Jakarta (ANTARA News) - Pengamat energi Kurtubi menilai kapal-kapal nelayan berskala besar tidak layak mendapat subsidi bahan bakar minyak bersubsidi.

"Apalagi, kalau kapal nelayan itu milik asing, maka sangat tidak pantas menggunakan BBM subsidi," katanya di Jakarta, Selasa.

Menurut Direktur Center for Petroleum and Energy Economics Studies (CPEES) itu, pemerintah harus menjalankan Peraturan Presiden Nomor 15 Tahun 2012 tentang Harga Jual Eceran dan Konsumen Pengguna Jenis BBM Tertentu.

Aturan tersebut menyebutkan, hanya kapal dengan bobot maksimum 30 "gross" ton (GT) yang boleh menggunakan BBM bersubsidi.

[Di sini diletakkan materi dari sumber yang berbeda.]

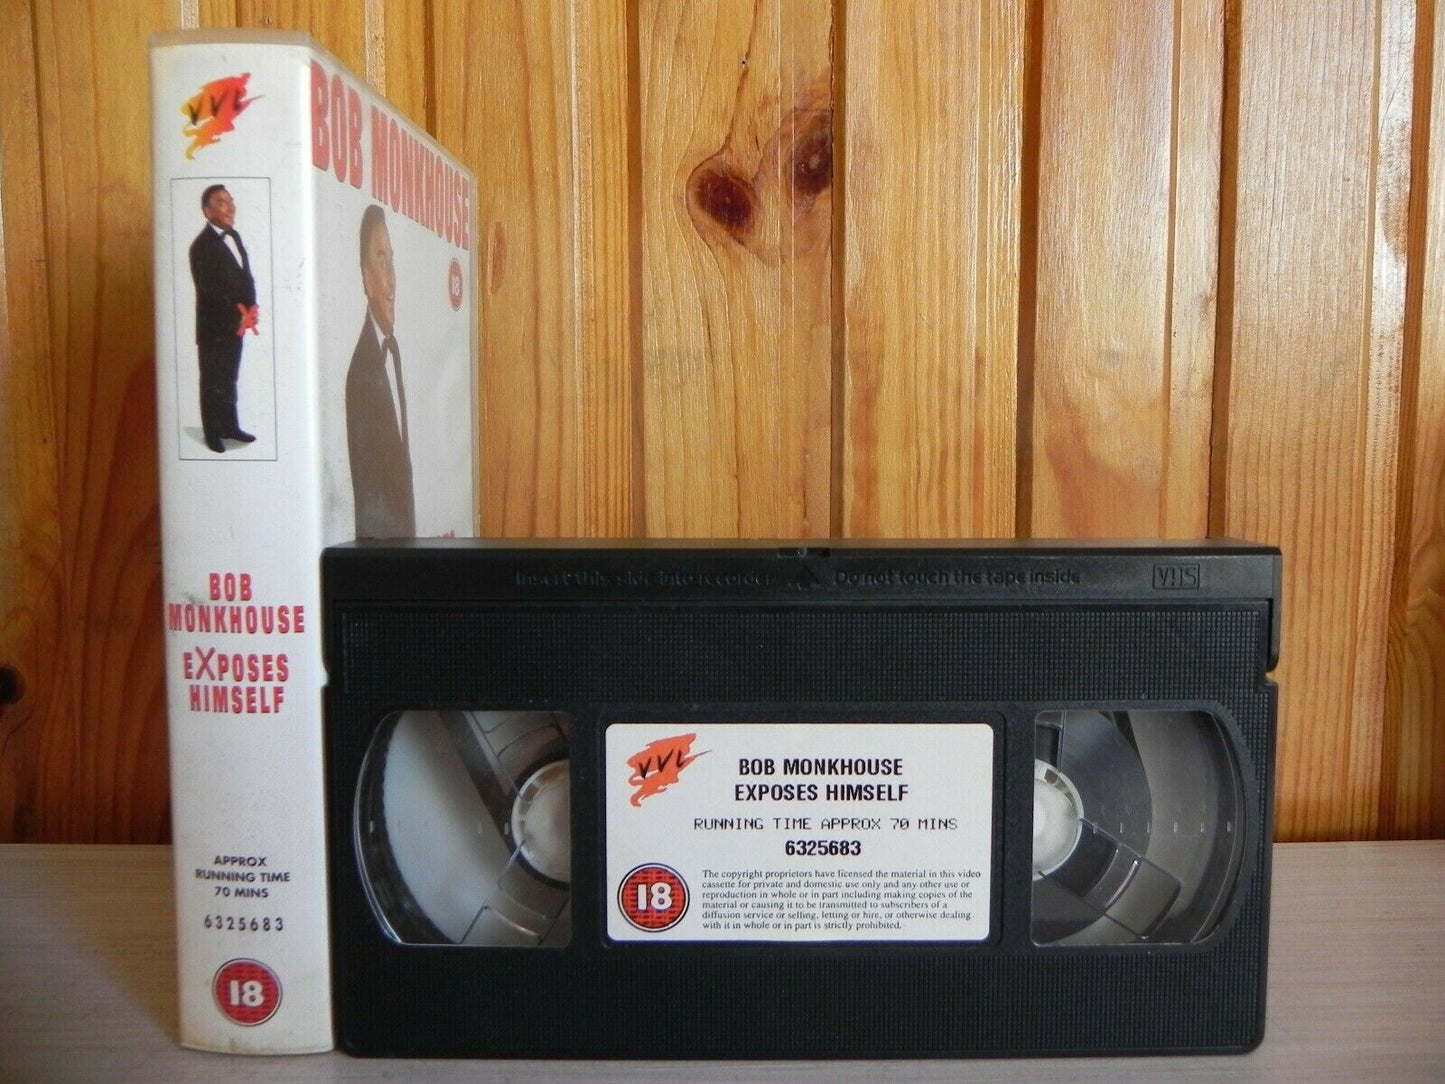 Bob Monkhouse - Exposes Himself - The Master Of Stand-Up - Comedy - Pal VHS-

Pemerintah menganggap, kapal di bawah 30 GT merupakan usaha kecil, sedangkan di atas 30 GT sudah menengah ke atas yang tidak berhak mendapat BBM subsidi.

Para nelayan dari pesisir pantai utara Jawa berencana melakukan aksi demonstrasi di Jakarta, Rabu (5/2).

Mereka memprotes Perpres 15/2012 karena menambah biaya operasional pembelian BBM.

Menurut Kurtubi, kapal besar tentunya harus memiliki modal besar, sehingga memang tidak layak memakai BBM subsidi.

"Jangan sampai nelayan ini melakukan demo karena dimanfaatkan pengusaha besar, apalagi asing," ujarnya.

Namun demikian, ia juga mengatakan, pemerintah perlu melakukan pengecekan pemilik kapal berbobot di atas 30 GT.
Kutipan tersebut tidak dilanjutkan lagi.